For instance, adding the FOO: BAR key-value pair to the <pipeline-name>-ci.yml file will merge this new key-value pair with the existing variables in the DataOps Project Settings files, as well as all the variables in other config files.

<pipeline-name>-ci.yml
include: 
- /pipelines/includes/bootstrap.yml
## your jobs

variables:
FOO: BAR
# DATAOPS_DEBUG: 1

However, the values in all other non-array keys override their associated default values.

A good example of this principle is in stages: in the project settings pipelines/includes/config/stages.yml file. For a discussion on how you can override the default DataOps Reference Project's stages, see the DataOps Project Settings doc.
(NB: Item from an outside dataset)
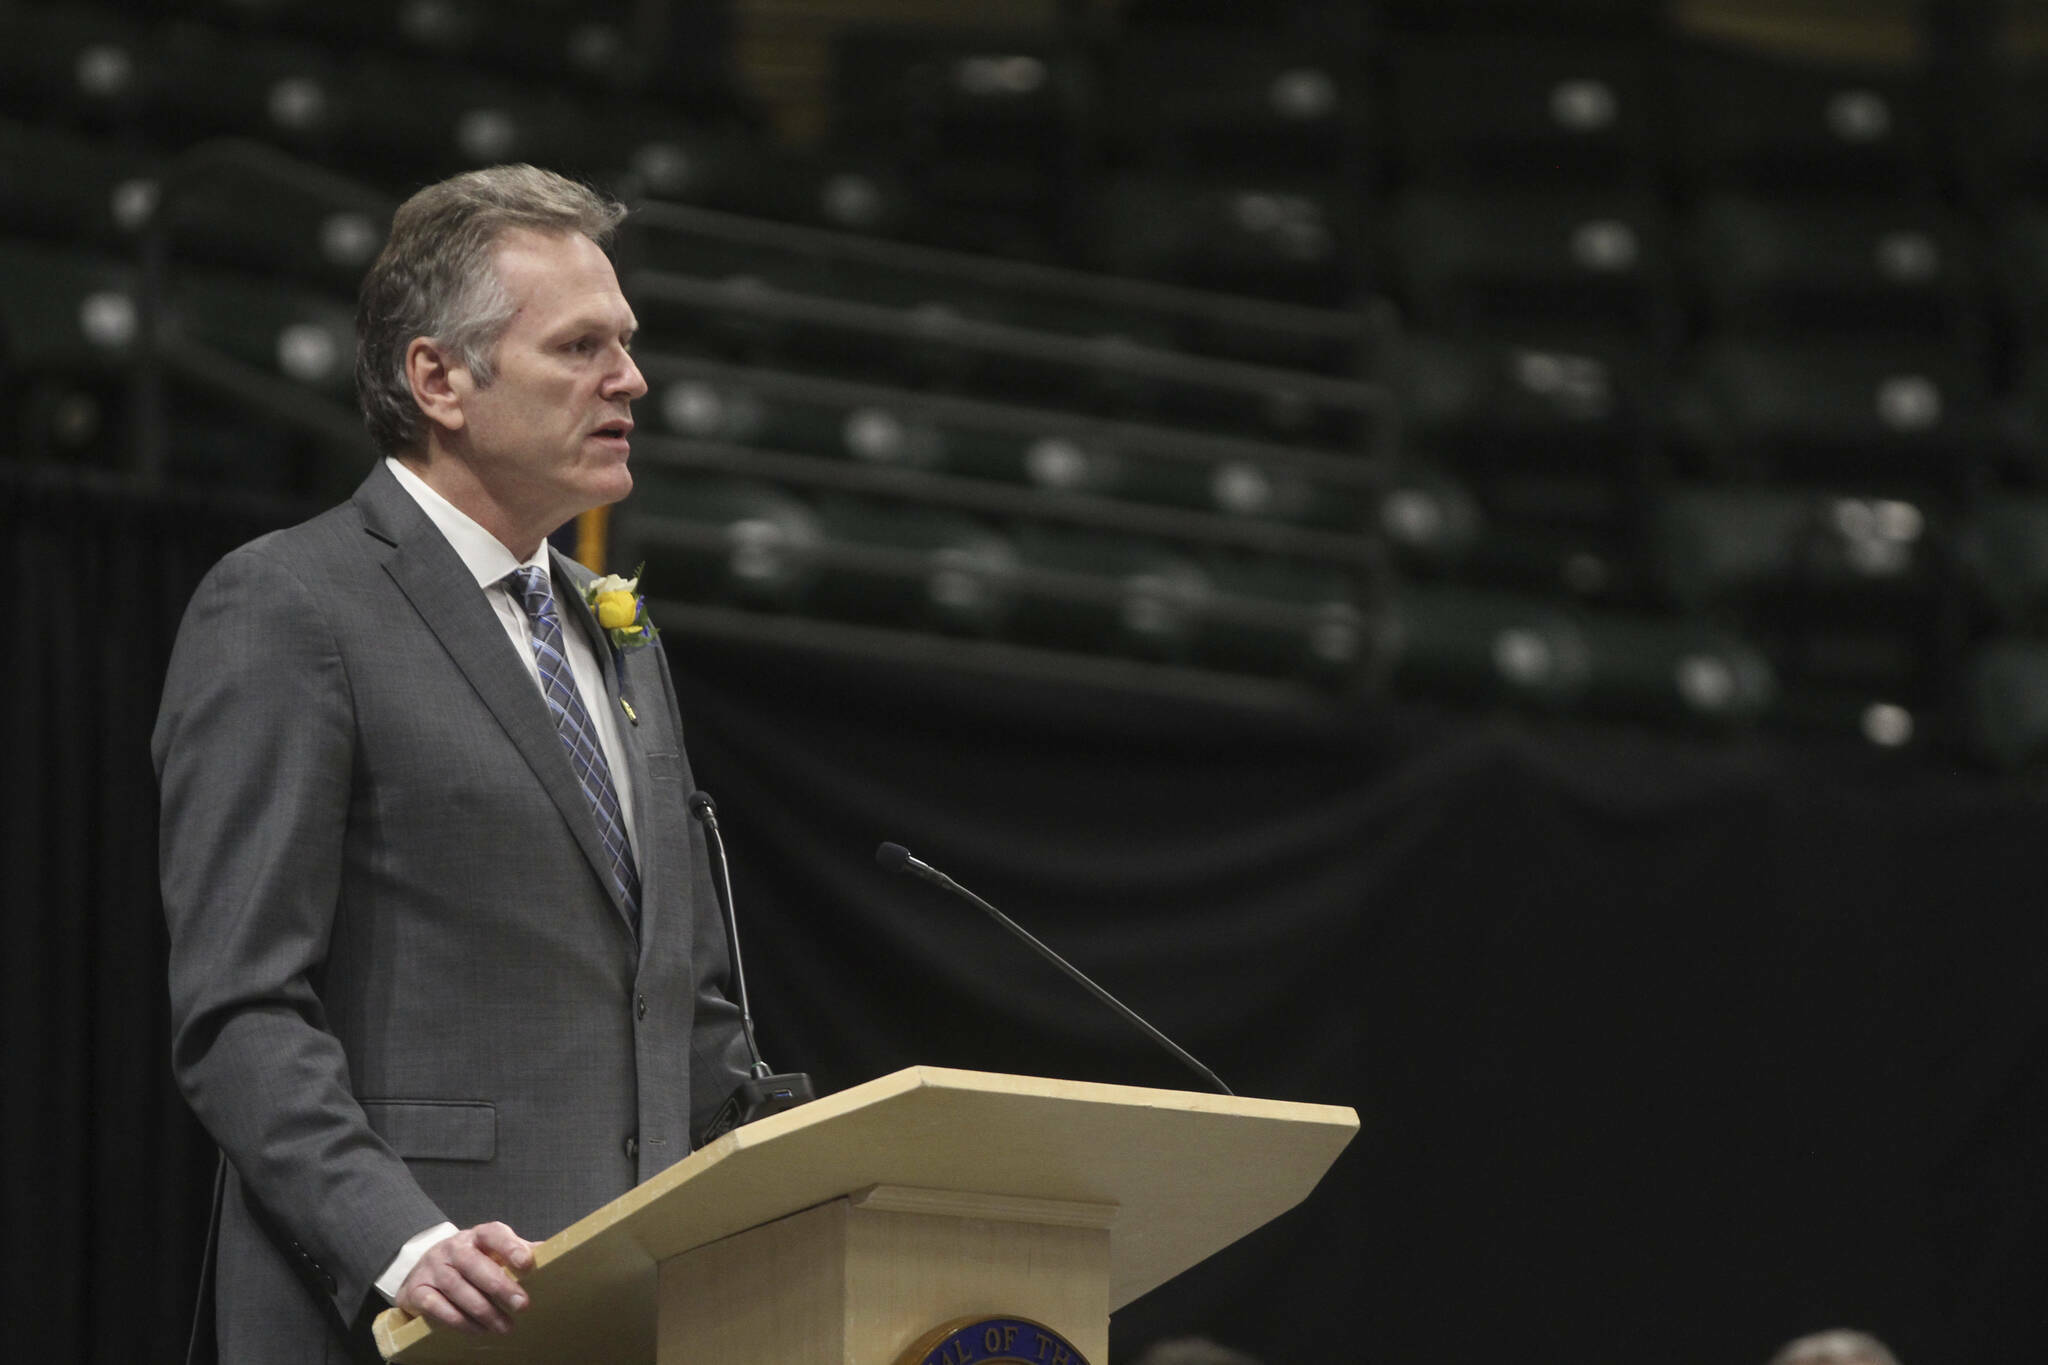 Gov. Mike Dunleavy addresses the audience during his inauguration ceremony Monday, Dec. 5, 2022, in Anchorage. (AP Photo/Mark Thiessen)

Whether you use override or extend, remember to include your changes in the reference project's full-ci.yml file after the default bootstrap.yml line of code. This ensures that your pipeline will use the DataOps project's settings from the local-includes directory rather than the reference project's default configurations.

Driving Pipeline Behaviors with Pipeline Parameters

Parameters are a common concept in any software solution. DataOps.live is no different. As a result, parameters are available at the project, pipeline, and job levels. Refer to DataOps Pipeline Parameters for commonly used pipeline-level parameters.

Pipeline Graph Styling

To further express the role and purpose of each pipeline job, Pipeline Graph Styling is available for use. It allows you to color your graph and use job-specific icons.

Pipeline Cache

The DataOps Pipeline Cache plays a significant role in optimizing pipeline build and runtime by storing reusable components and dependencies on the DataOps Runner's host machine.